Vertebrate RARs Show New Expression Territories When Compared with AmphiRAR

We previously showed that during amphioxus development, AmphiRAR is strongly expressed at 16 to 24 hours postfertilization in the middle third of the neural tube, somites, and endoderm but not in the cerebral vesicle or notochord [8]. Thus AmphiRAR gene expression decreases strongly at the anterior and posterior parts of the larvae [8] (Figures 5 and S3). Expression of the three mammalian and Xenopus RARs at comparable stages (at embryonic day 9 [E9] in mouse and at stage 30 in Xenopus) is diagrammed in Figure 5. In mouse, RARα is ubiquitously expressed but is at particularly high levels in both the neuroectoderm and mesenchyme of the head, RARγ is strongly expressed in the tail and forebrain, and RARβ transcripts are present in the head mesenchyme, in the trunk tissues, and in the mesonephric duct, but are not detectable in the forebrain and tail (Figures 5A–5F and S4) [15,16]. A comparable gene expression pattern is observed in Xenopus, with a ubiquitous expression of RARα (especially in the neuroectoderm and head regions), a polarized expression of RARγ in the brain and posterior parts of the embryo, and expression of RARβ in the posterior hindbrain and anterior spinal chord, as well as in branchial arches (Figures 5G–5L and S5).
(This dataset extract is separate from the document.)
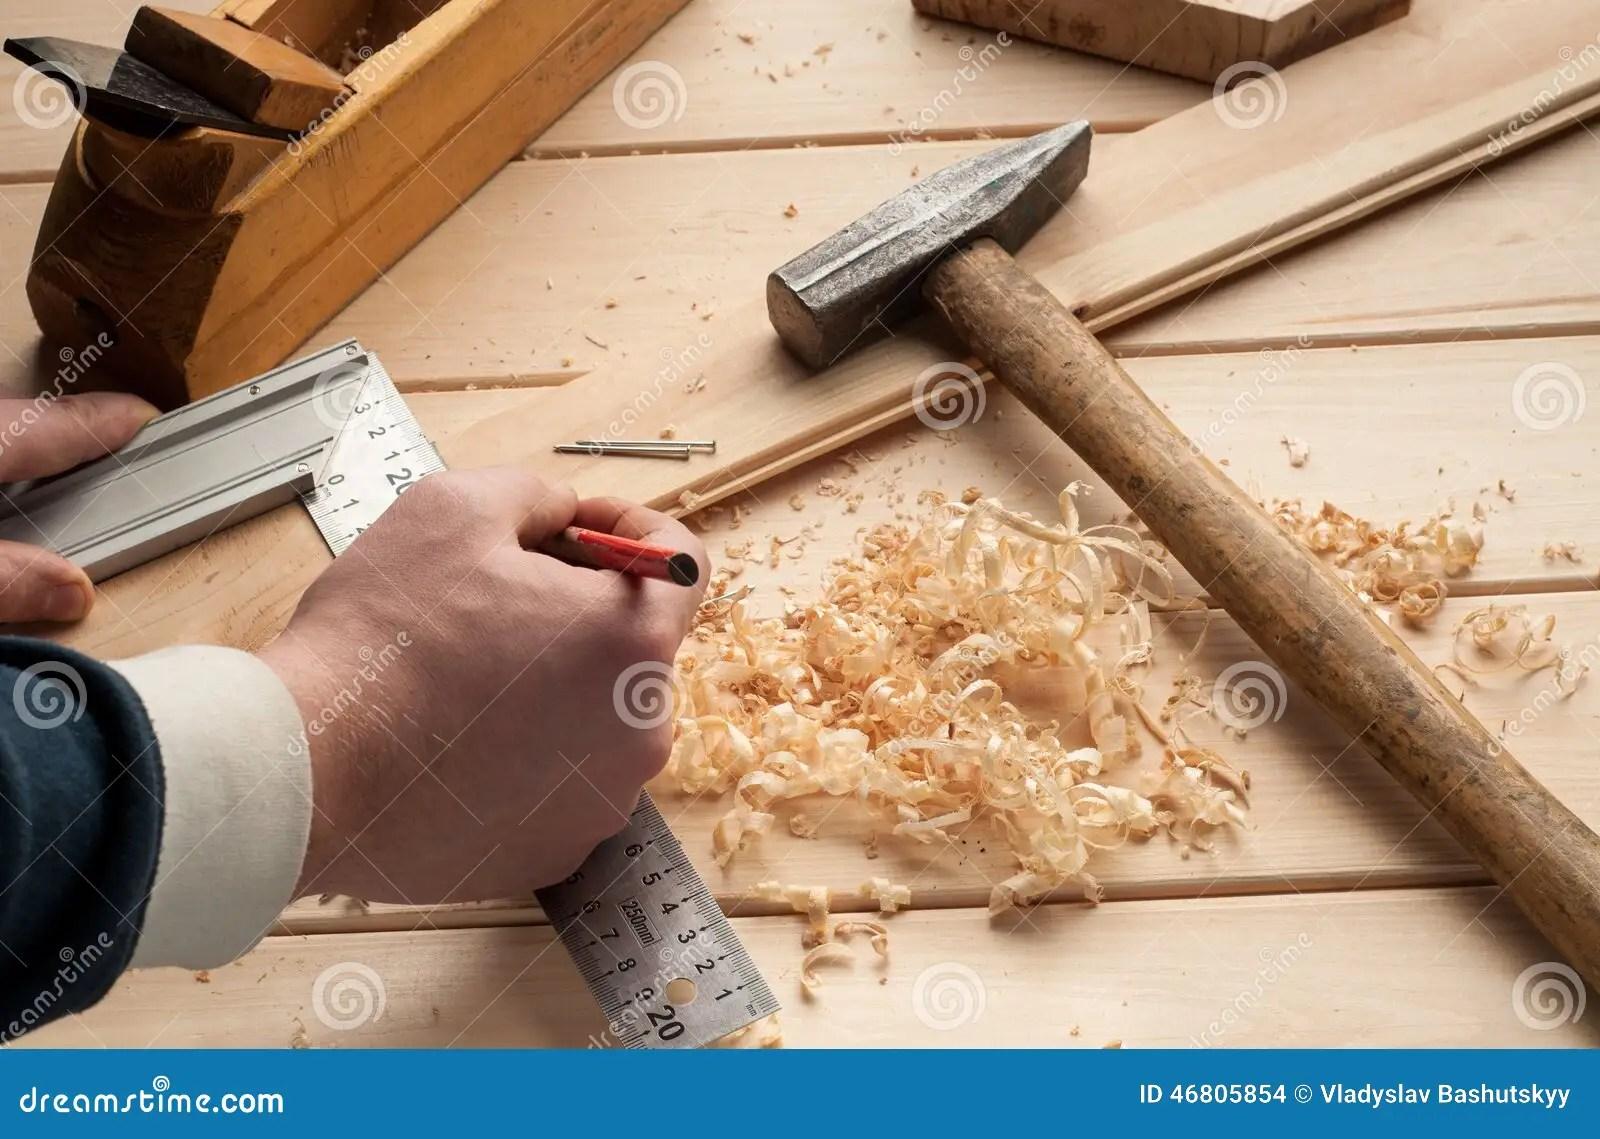 木匠工具,錘子,米,釘子,削片,和 庫存照片. 圖片 包括有 木匠工具,錘子,米,釘子,削片,和 - 46805854

Figure 5. Schematic Representation of the Expression Territories of RARs

Staining of embryos indicates expression of mRARα (A), mRARβ (B), and mRARγ (C) in mouse embryos at E9; of xRARα (G), xRARβ (H), and xRARγ (I) in stage 30 Xenopus embryos, and of AmphiRAR (M) in 20 h old amphioxus larvae. Schematic representations are shown of the expression territories of mRARs (D–F), xRARs (J–L), and AmphiRAR (N) in mouse, Xenopus, and amphioxus embryos, respectively. Regions with high levels of expression are red and those with lower levels of expression are pink. Arrowheads indicate regions in mouse and Xenopus embryos where the RAR expression cannot be correlated with AmphiRAR expression and can be described as “new expression territories.”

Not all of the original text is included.